Storia di Obelix (e di una cinofila ribelle)

Storia di Obelix (e di una cinofila ribelle)

Avevo 23 anni, una laurea in cinofilia fresca fresca e tanta voglia di imparare, quando ho iniziato a praticare attività sportiva con Obelix, il mio Terranova. Non sapevo niente del mondo al quale mi stavo per affacciare, il mio piccolo bagaglio pregresso univa la passione di una qualsiasi proprietaria di cani a tanta, forse troppa, teoria studiata sui banchi dell’Università.

Ho avuto cani di ogni foggia, colore, taglia, tipo. Ognuno di loro mi ha lasciato qualcosa, ma con Obelix è stato diverso. Chi ha o ha avuto un Terranova, forse mi può capire: sono cani capaci di fare qualsiasi cosa, intelligenti e scaltri. Se gli dai un comando e non lo eseguono non è che non hanno capito, è che non gliene frega niente di farlo. Tranne in acqua. In acqua è diverso, subentra un meccanismo atavico – soprattutto nei cani più istintivi come il mio – dove sembra che il cervello vada in “modalità off”: l’attivazione (o arousal, come preferite) sale a dismisura, il cane inizia a tirare come un forsennato e a te conduttore spetta il compito di gestirlo.

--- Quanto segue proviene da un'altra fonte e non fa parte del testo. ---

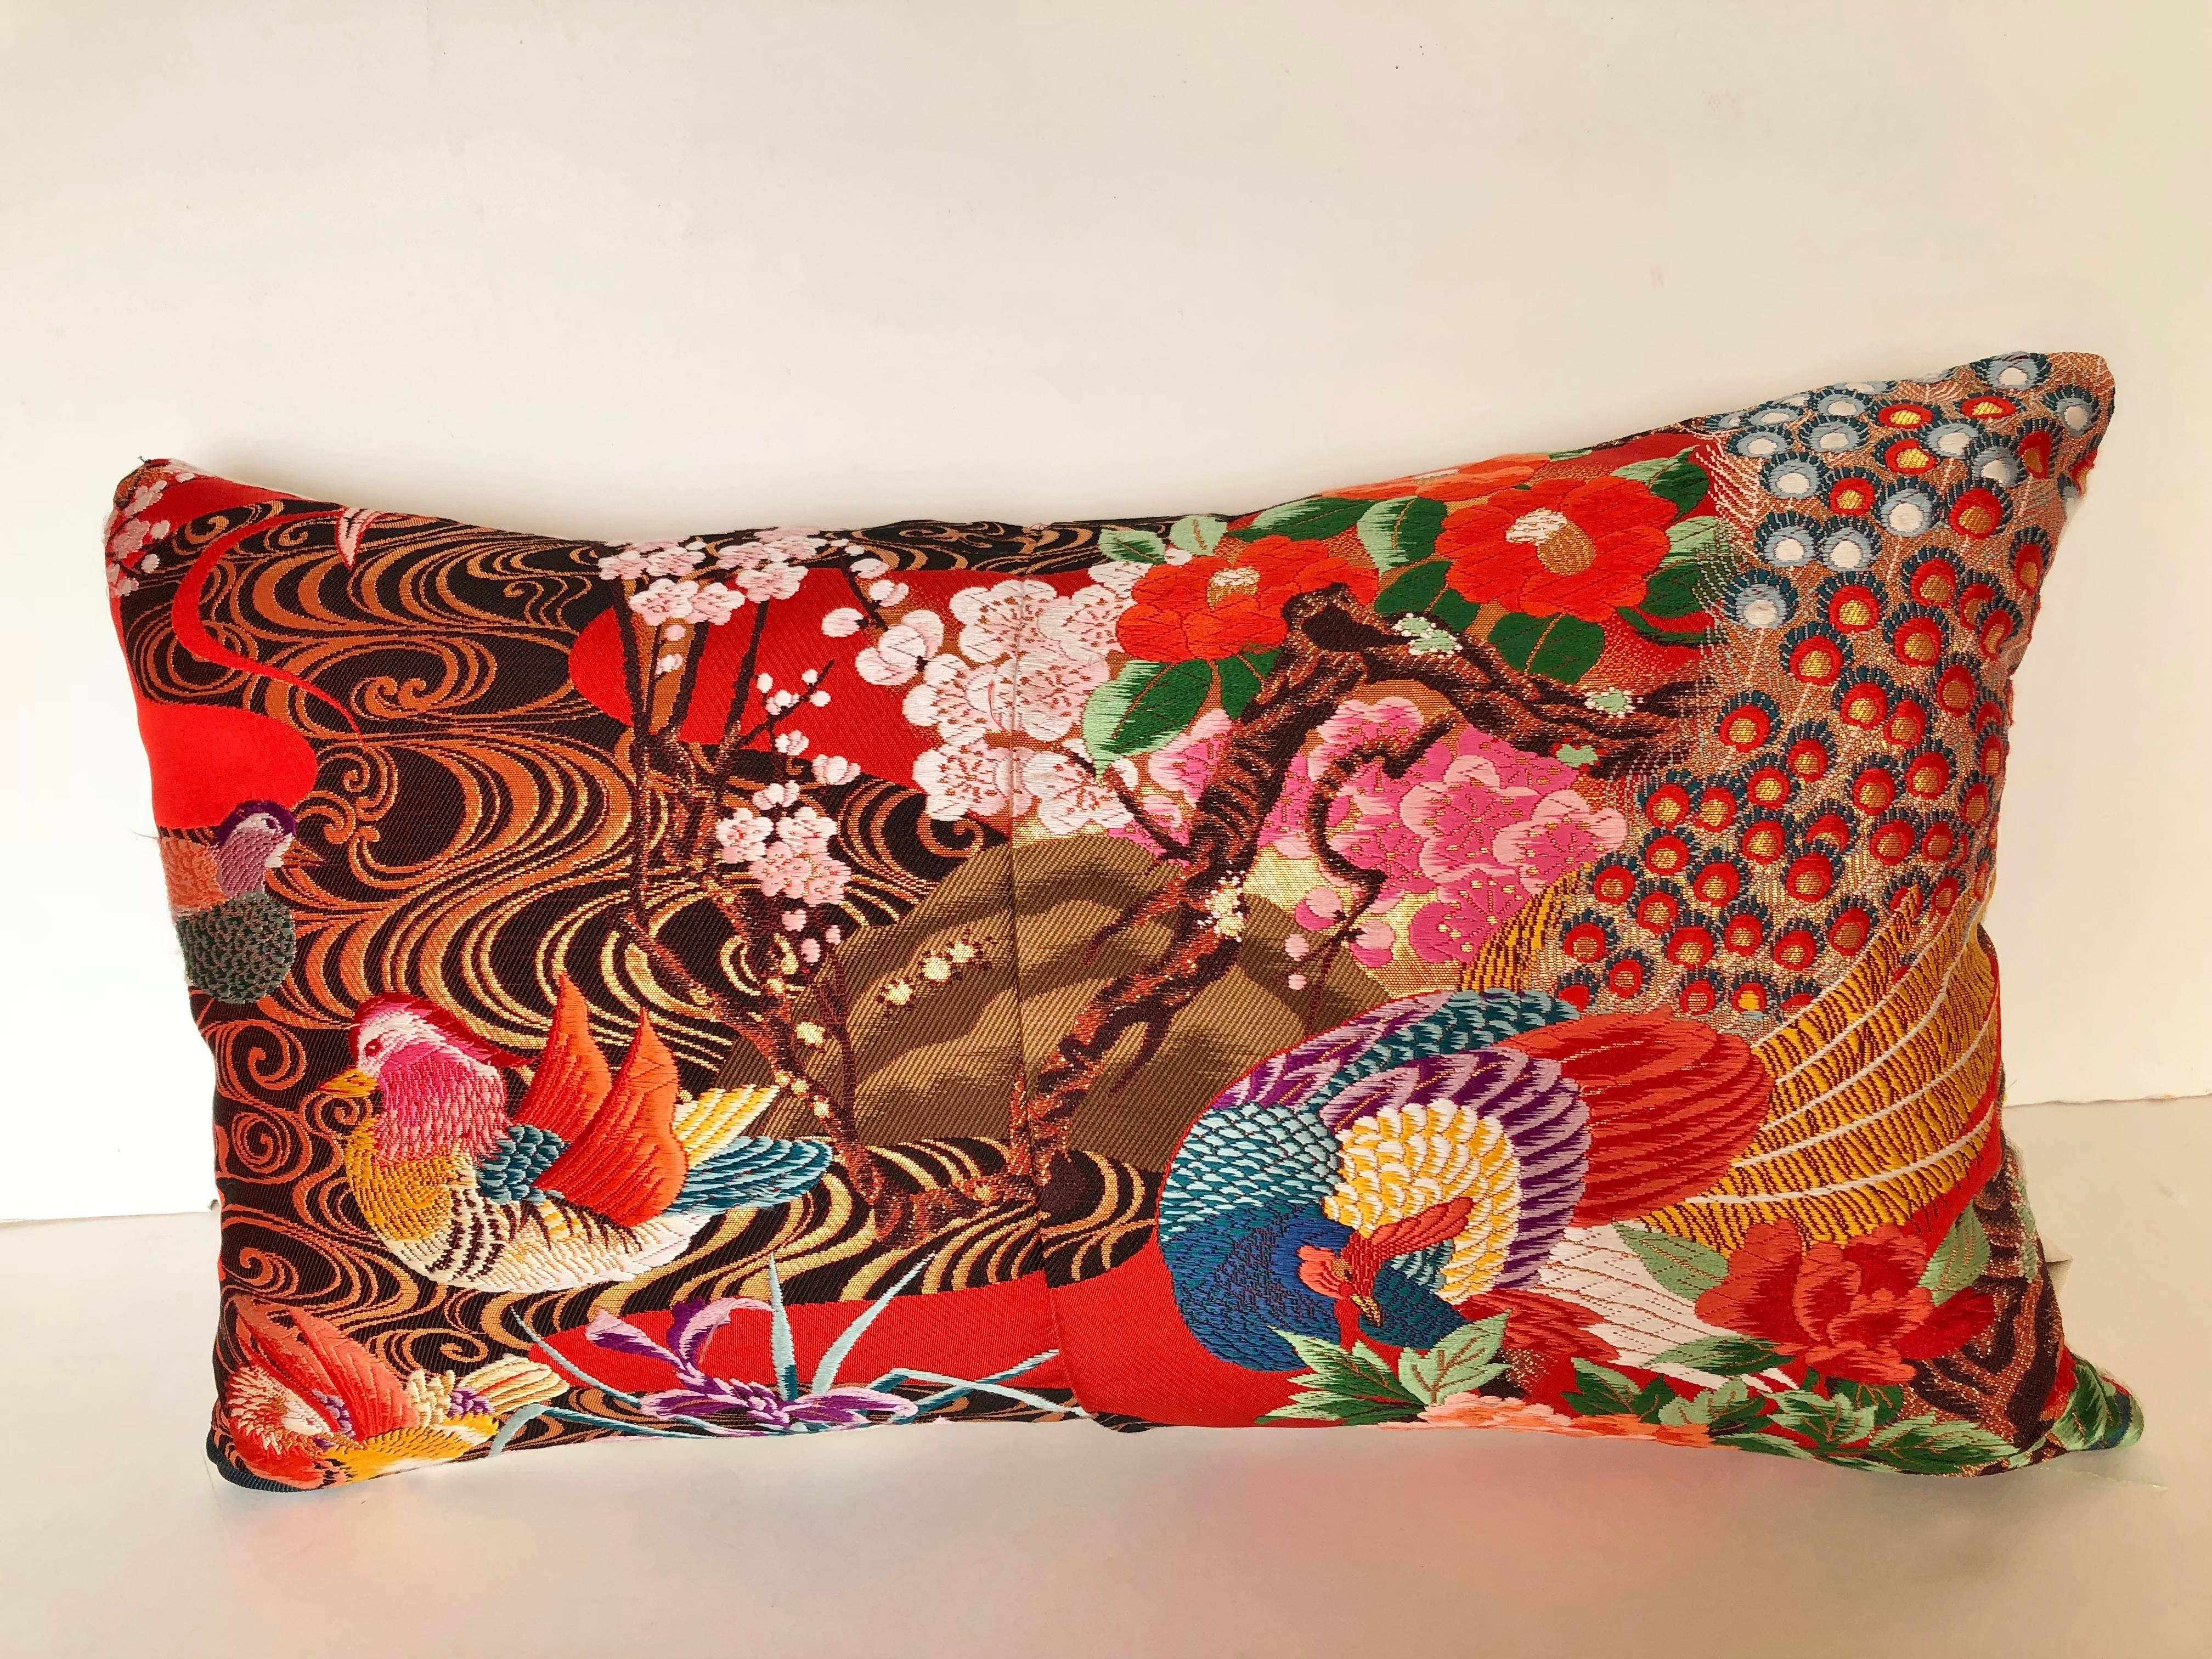 Custom pillow cut from a vintage Japanese silk Uchikake, the traditional wedding kimono. The silk has designs with the traditional Japanese florals and birds in vibrant colors. The pillow is backed in an ivory silk/linen Scalamandre textile, filled

Se non sei in grado, il cane è disubbidiente, tu non sei un buon leader, devi imparare a contenerlo. Non giocarci! I cani da lavoro non giocano. Non farlo camminare troppo! I Terranova non devono camminare, devono nuotare.

Ho accettato questi dogmi per anni, senza mai chiedere da dove provenissero queste certezze, se c’erano stati fatti degli studi, se qualcuno aveva mai provato a lavorare diversamente. Sì, fu la risposta all’ultima domanda. Scoprii che chi la pensava diversamente, ben presto veniva allontanato o comunque messo in condizione di farlo.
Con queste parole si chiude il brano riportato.